Work order:
Write the data out again exactly, dropping any images it holds.

Provided material:
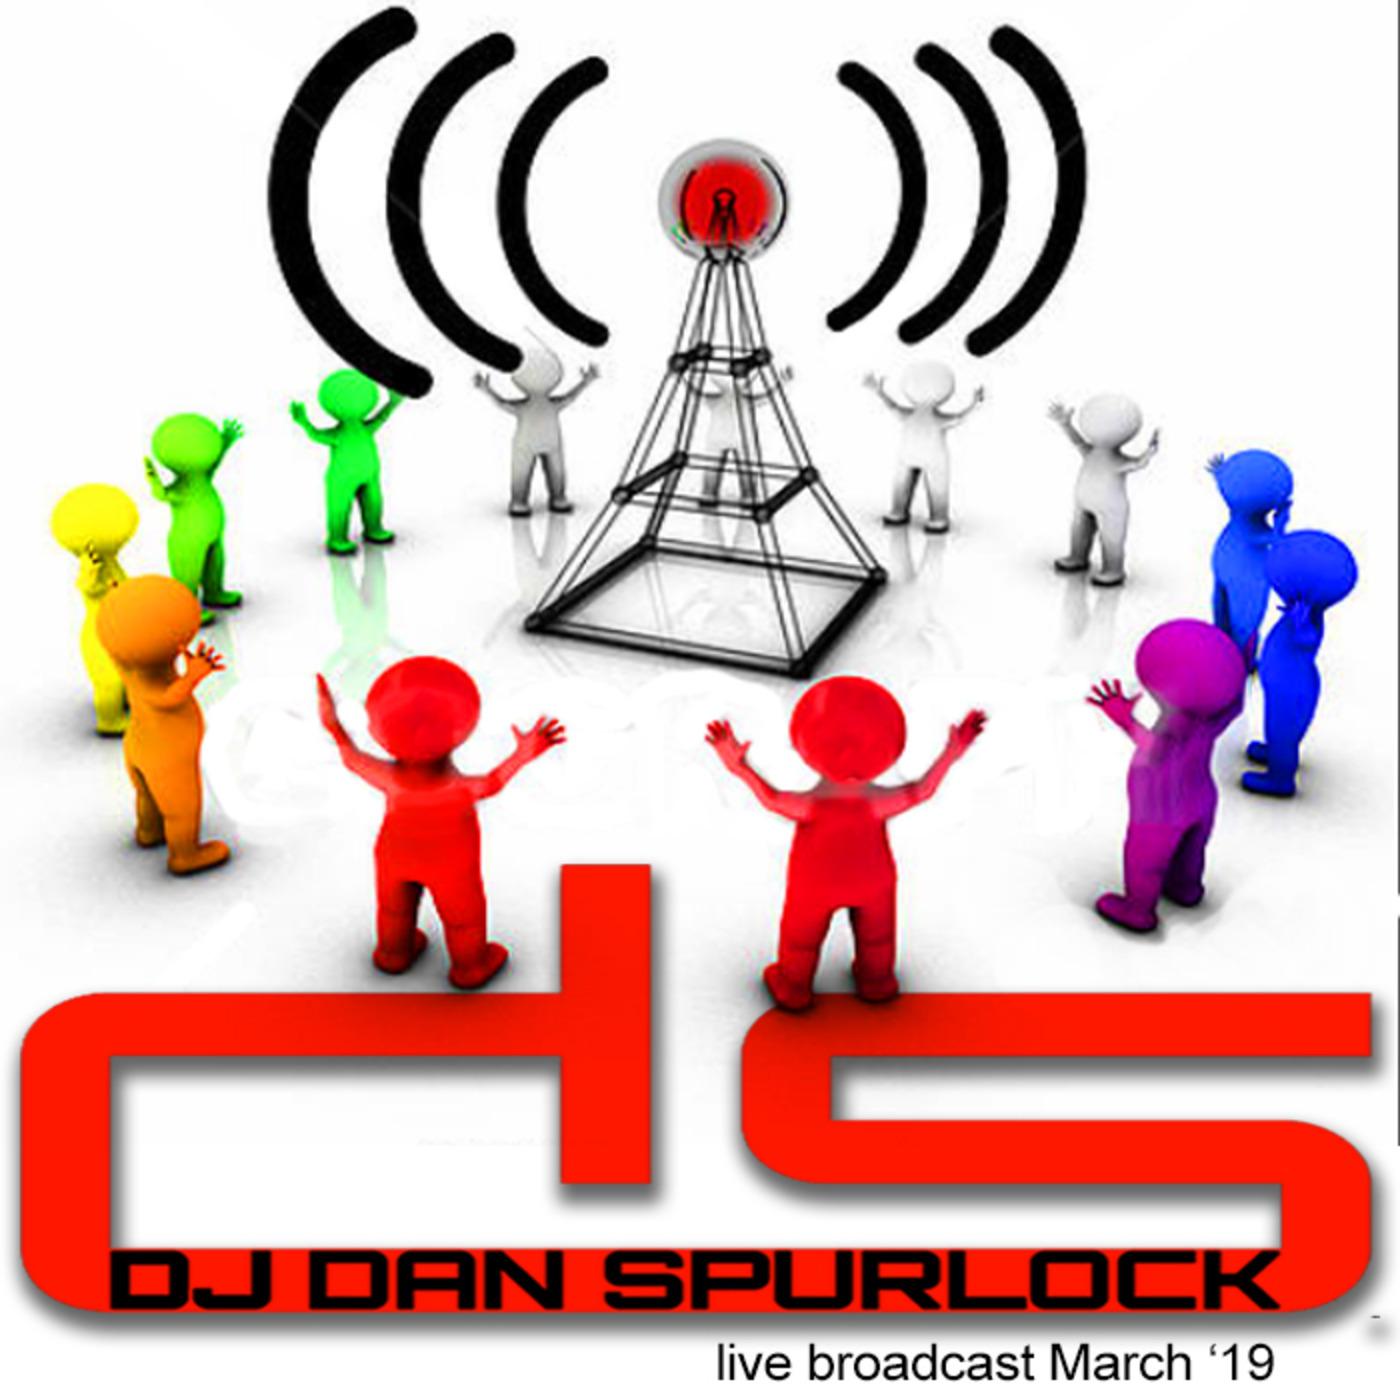 Live Stream March 2019 DJ Dan Spurlock podcast
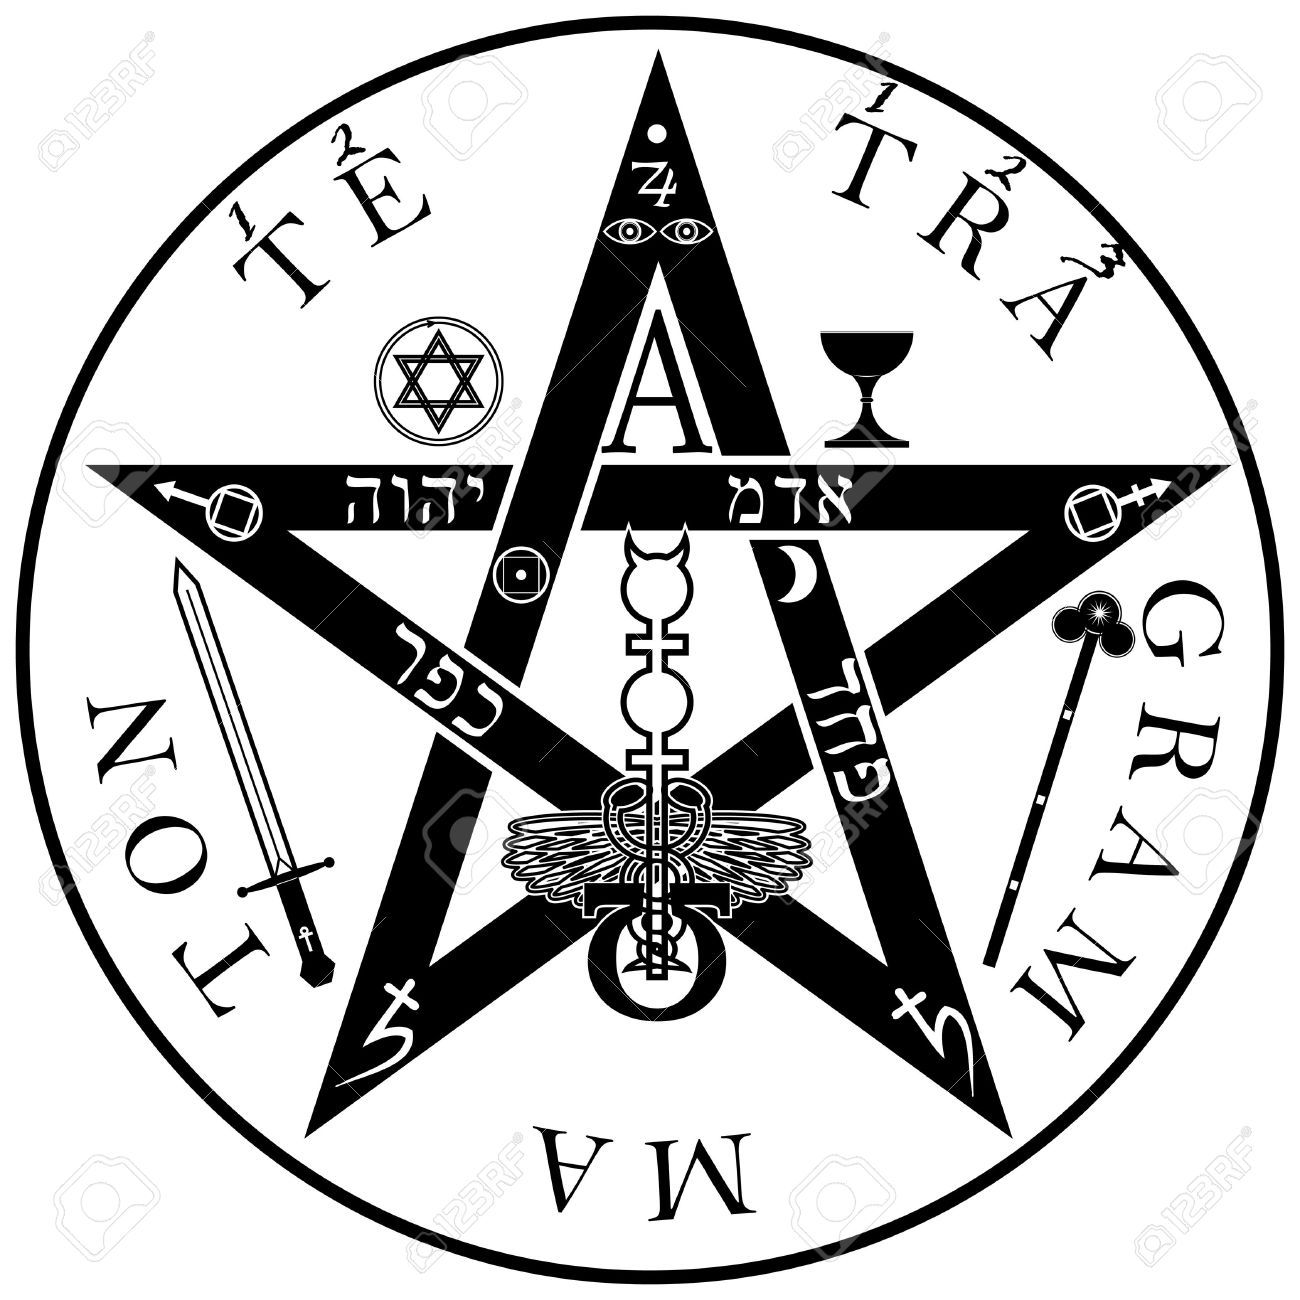 The ancient symbol tetragrammaton ineffable name of god the ancient symbol tetragrammaton ineffable name of god buycottarizona Image collections
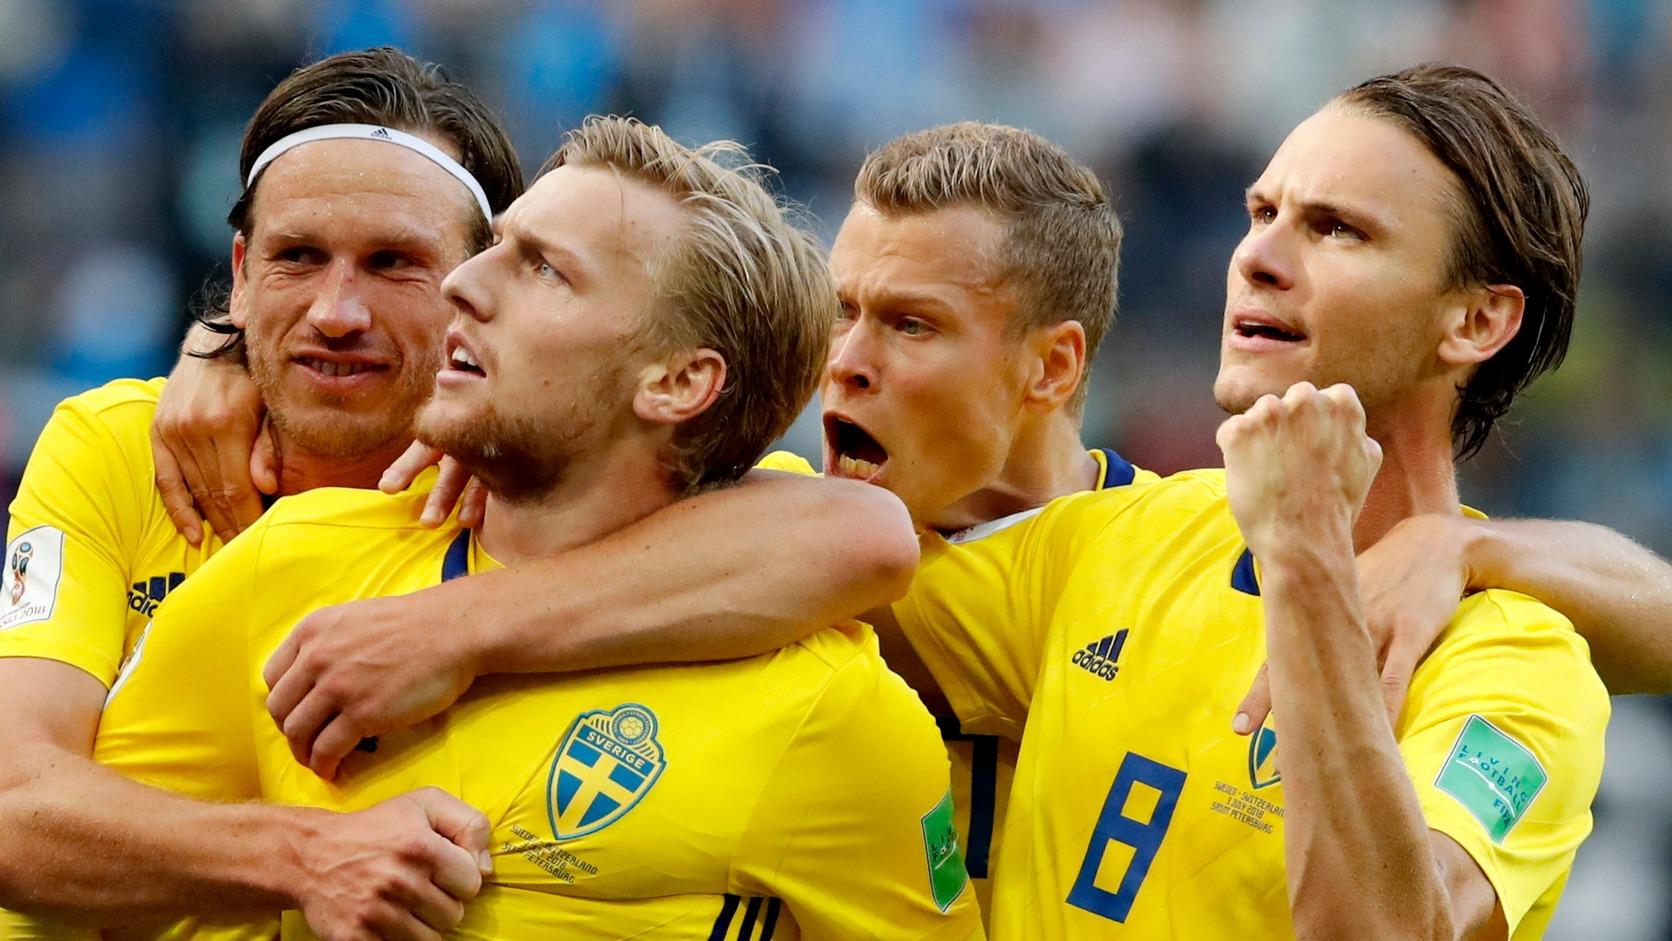 Svéd gólöröm a Svájc elleni vb-nyolcaddöntőben (Fotó: EPA/Anatolij Malcev)
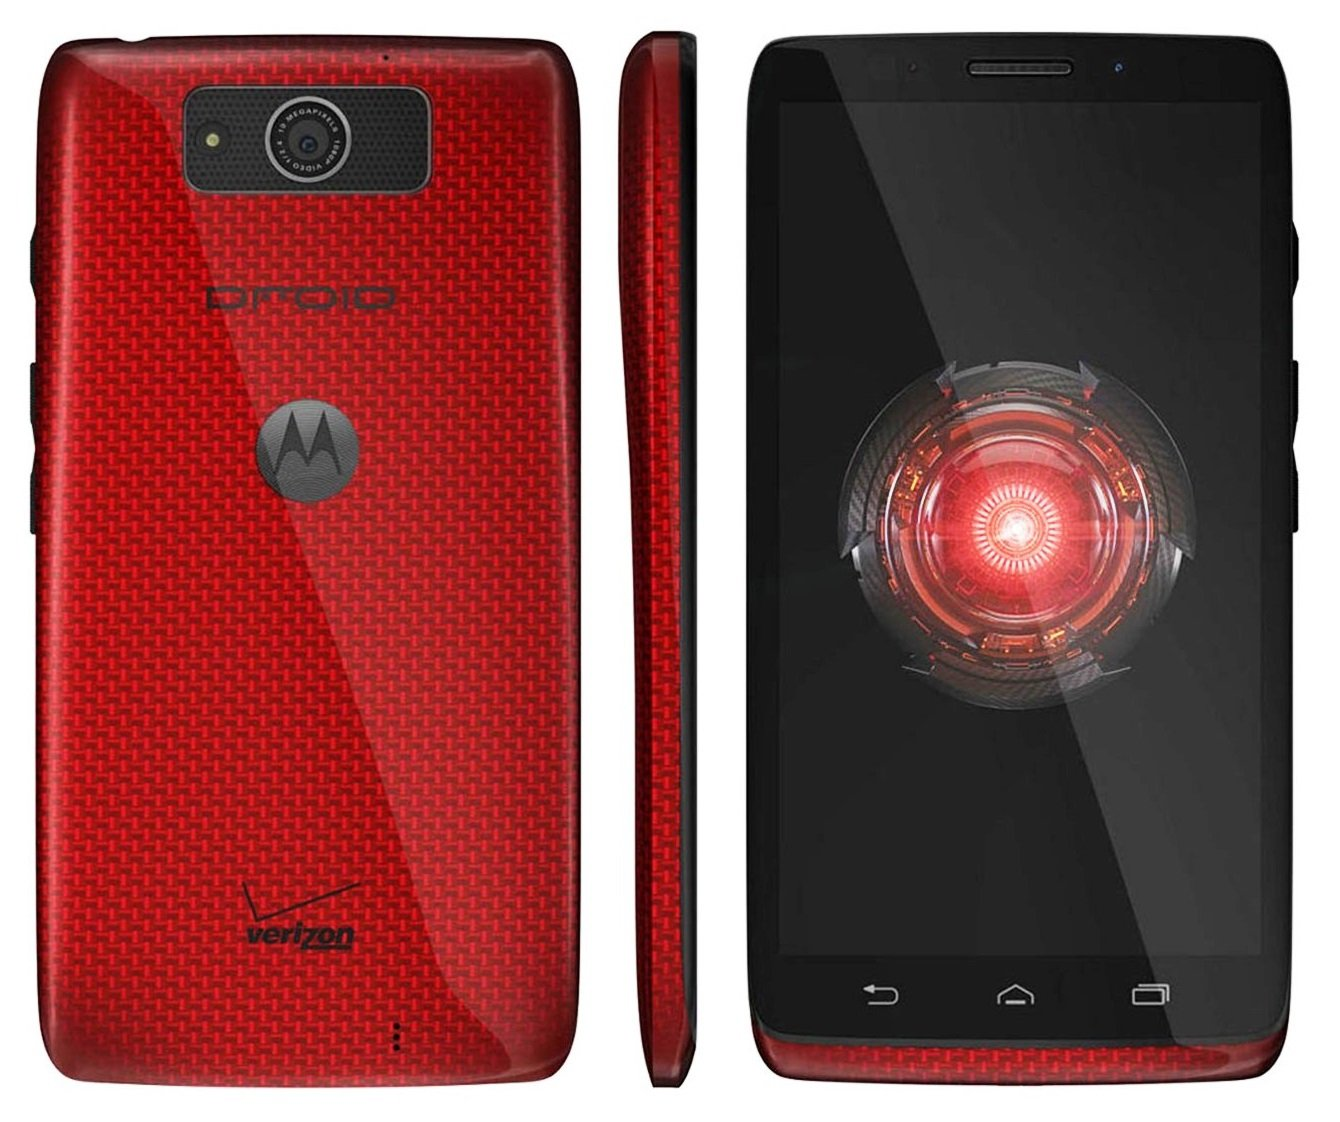 Motorola DROID ULTRA, Red (Verizon Wireless)

Answer section:
 Live Stream March 2019 DJ Dan Spurlock podcast
 The ancient symbol tetragrammaton ineffable name of god the ancient symbol tetragrammaton ineffable name of god buycottarizona Image collections
 Svéd gólöröm a Svájc elleni vb-nyolcaddöntőben (Fotó: EPA/Anatolij Malcev)
 Motorola DROID ULTRA, Red (Verizon Wireless)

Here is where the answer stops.